Just after we got back from a skiing break in Annecy, a religious friend, presumably in an attempt to win me back to the faith, told me that her equally religious daughter had gone out for a long weekend with friends to the ski slopes in France, only to find that they were shrouded in cloud. After two days of this, time was running out and the daughter said to her friends, "What do think we should do?". To which the reply was: "What can we do?". The daughter said, "Well we could pray for the weather to clear up". She did and it did - for the remaining hours of their stay! The daughter used to be the leader of a sales team for a large company and somehow I can just hear her telling God that he had failed to meet his target for sunshine upon the righteous. Now of course the previous week, when we had gone up Mount Semnoz to ski, we too had found that our heads were in a cloud. We could barely see where we were and the weather forecasts were not looking good. As you may guess, I did not pray for better weather and neither so far as I know did Heather. Somehow, though, for the next three days that was precisely what we had. Bright sunshine and beautiful snow.

If I were still religious and had prayed, then I might have believed such glorious weather to be an answer to prayer. Or perhaps not, because my experience of prayer for good weather for church outings when I was young was that the result was about as reliable as the long-term weather forecast, despite the amount of faith displayed by our leaders. In fact, in my church, we gave up on the concept altogether. I'm not sure that we had in mind the chaos theory idea that the beating of a butterfly's wings here might cause a hurricane on the other side of the world, but we came to the conclusion that it was selfish to ask for any particular sort of weather for ourselves, when it might be exactly the opposite of what someone-else needed. We decided that must be why God ignored our requests for sunshine. And so we took our macks instead.

There are, however, large sections of the evangelical wing of the Church in America, particularly, which believe not just in God the weatherman, but in God the Capitalist - a God who has promised believers all sorts of good things, both spiritual and material. All they need to do is, in the jargon, claim the promises of God'. It is the Harry Potter version of Christianity - one where all you have to do is say the right incantation, waive your wand and behold, you get what you want, be it money or health! In the febrile atmosphere of such churches, any apparent example of the working of such promises is acclaimed as confirmation of God's faithfulness to his people. They tithe their money to their churches knowing that if they have faith in their God in his new role as investment manager, then he will give them what they ask for - the bread they cast upon the waters will be returned to them - one of those promises. If they are not successful, then it is down to their lack of faith. And the Churches have malls instead of bookshops.

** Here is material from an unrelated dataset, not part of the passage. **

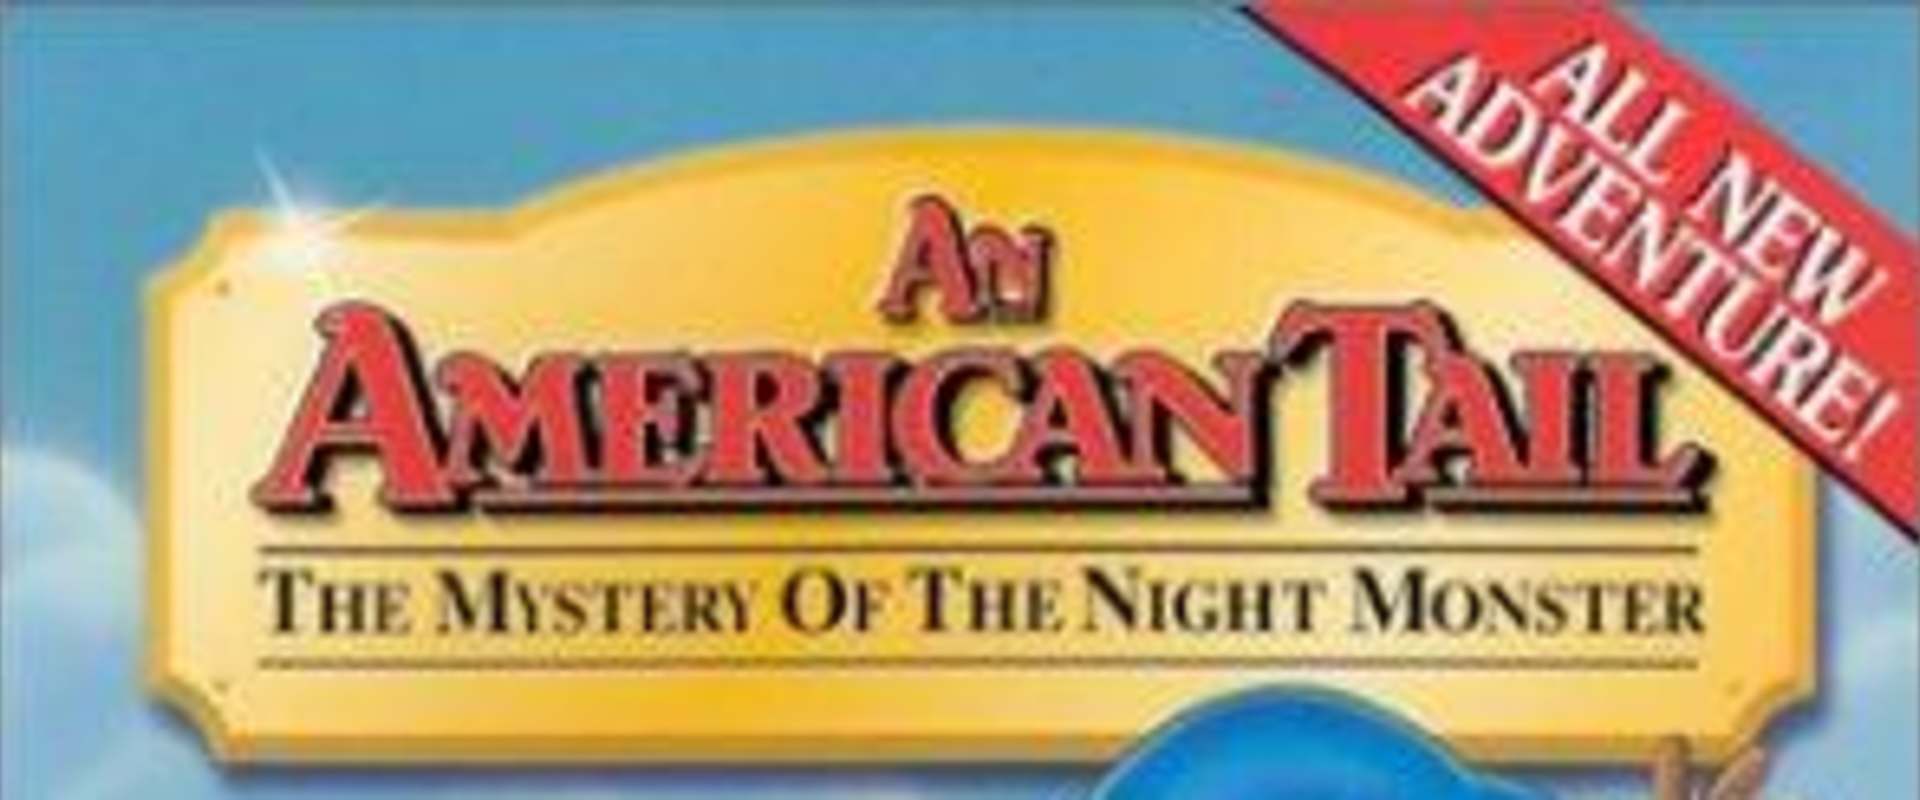 An American Tail: The Mystery of the Night Monster background 2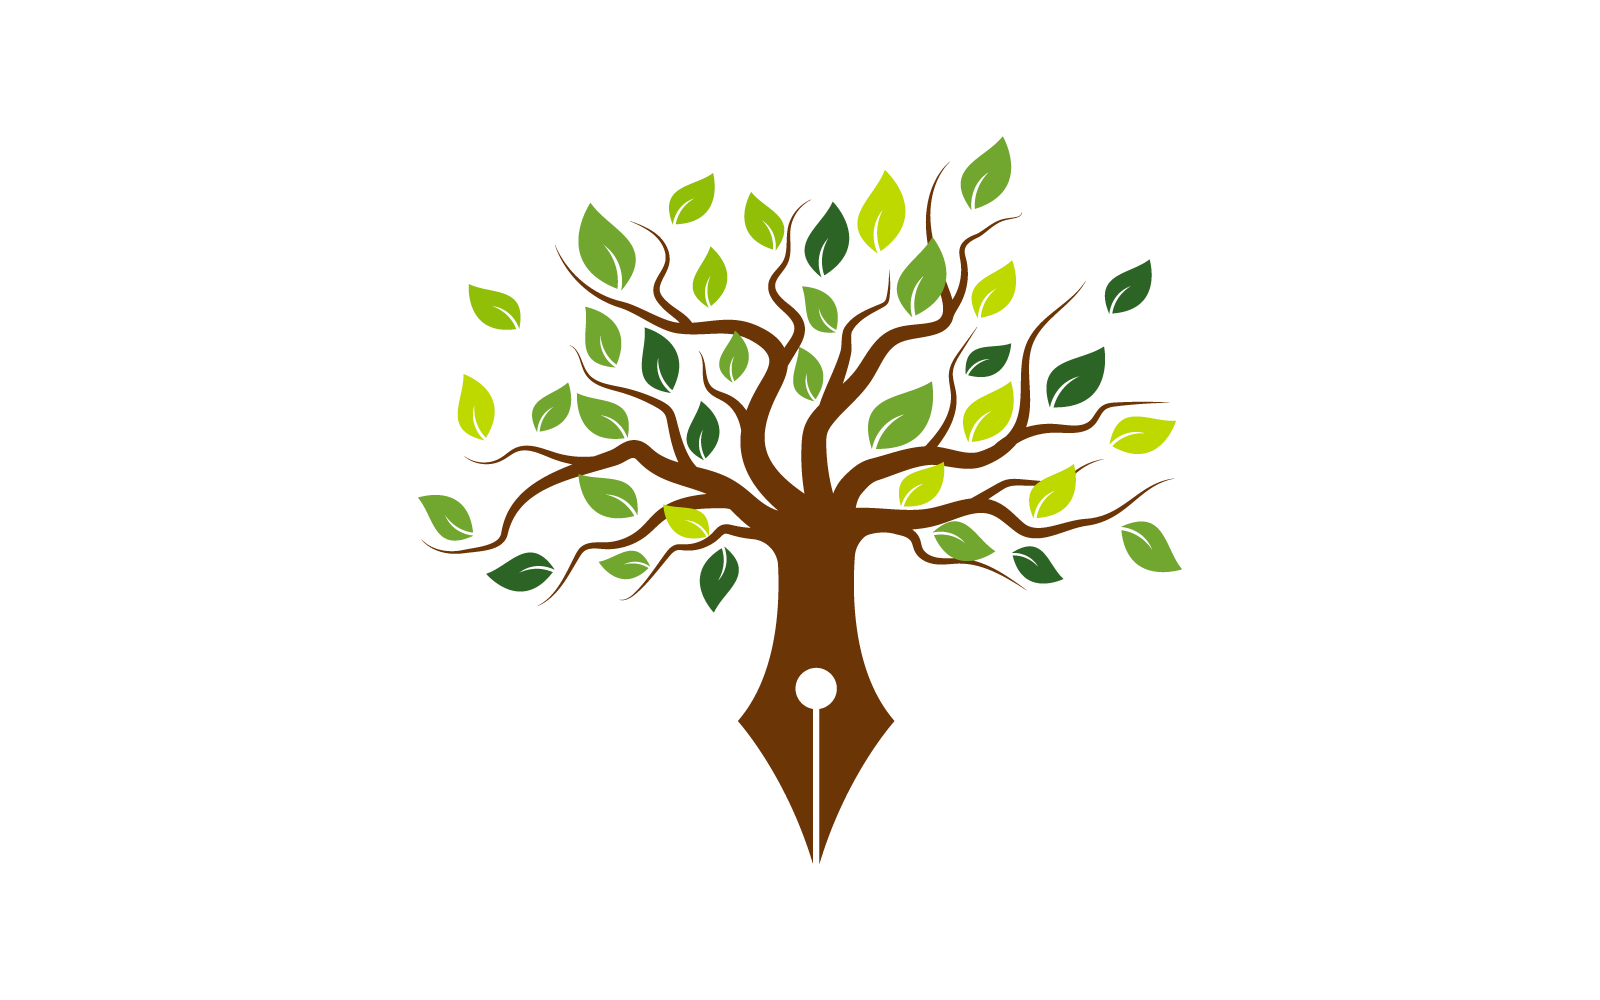 Logo Of Tree with pencil illustration vector flat design

Amongst the superstitious generally, the events in their lives which accord with their superstition are made a lot of - the others are largely ignored. They are put down to a failure to use the correct make of frogs leg or eye of newt when carrying out the incantation. The Boxer Uprising in China of 1900 against modernism and Christianity was a good example of this way of thinking, as "In Our Time" reminded us the other week. The Chinese peasants belonging to this martial-arts based religion believed that through training, martial arts, diet and prayer, they could perform extraordinary feats, such as flight, and would be immune to swords and bullets. They went into battle against the government troops believing that they were invincible. When they were shot and killed, defects in their religious ceremonies prior to the battle, or the presence of "unclean" women during those ceremonies, would be blamed for their vulnerability.

But it is not just the churches or the superstitious. The American investment fund boss, Bernard Madoff, relied on a similar mentality - the wish to believe. He became the incarnation of God the Investment Manager, conferring upon his carefully chosen people a return on their investment at a rate which was seemingly impossible. And of course it was. He used the money of new investors to pay the promised returns to the established investors - not forgetting to take a substantial cut for himself along the way. He helped his marks to convince themselves that, just like the Boxers and the Harry Potter wing of the church, they were immune to reality. People persist in failing to understand that if something looks too good to be true then it almost certainly is. Of course, because his fraud could clearly be proved, Mr Madoff will end his days in gaol. Not so, however, the many other purveyors of false hope who wriggle and twist and tell us that all we had to do to avoid disaster was put another wing of bat in the cauldron.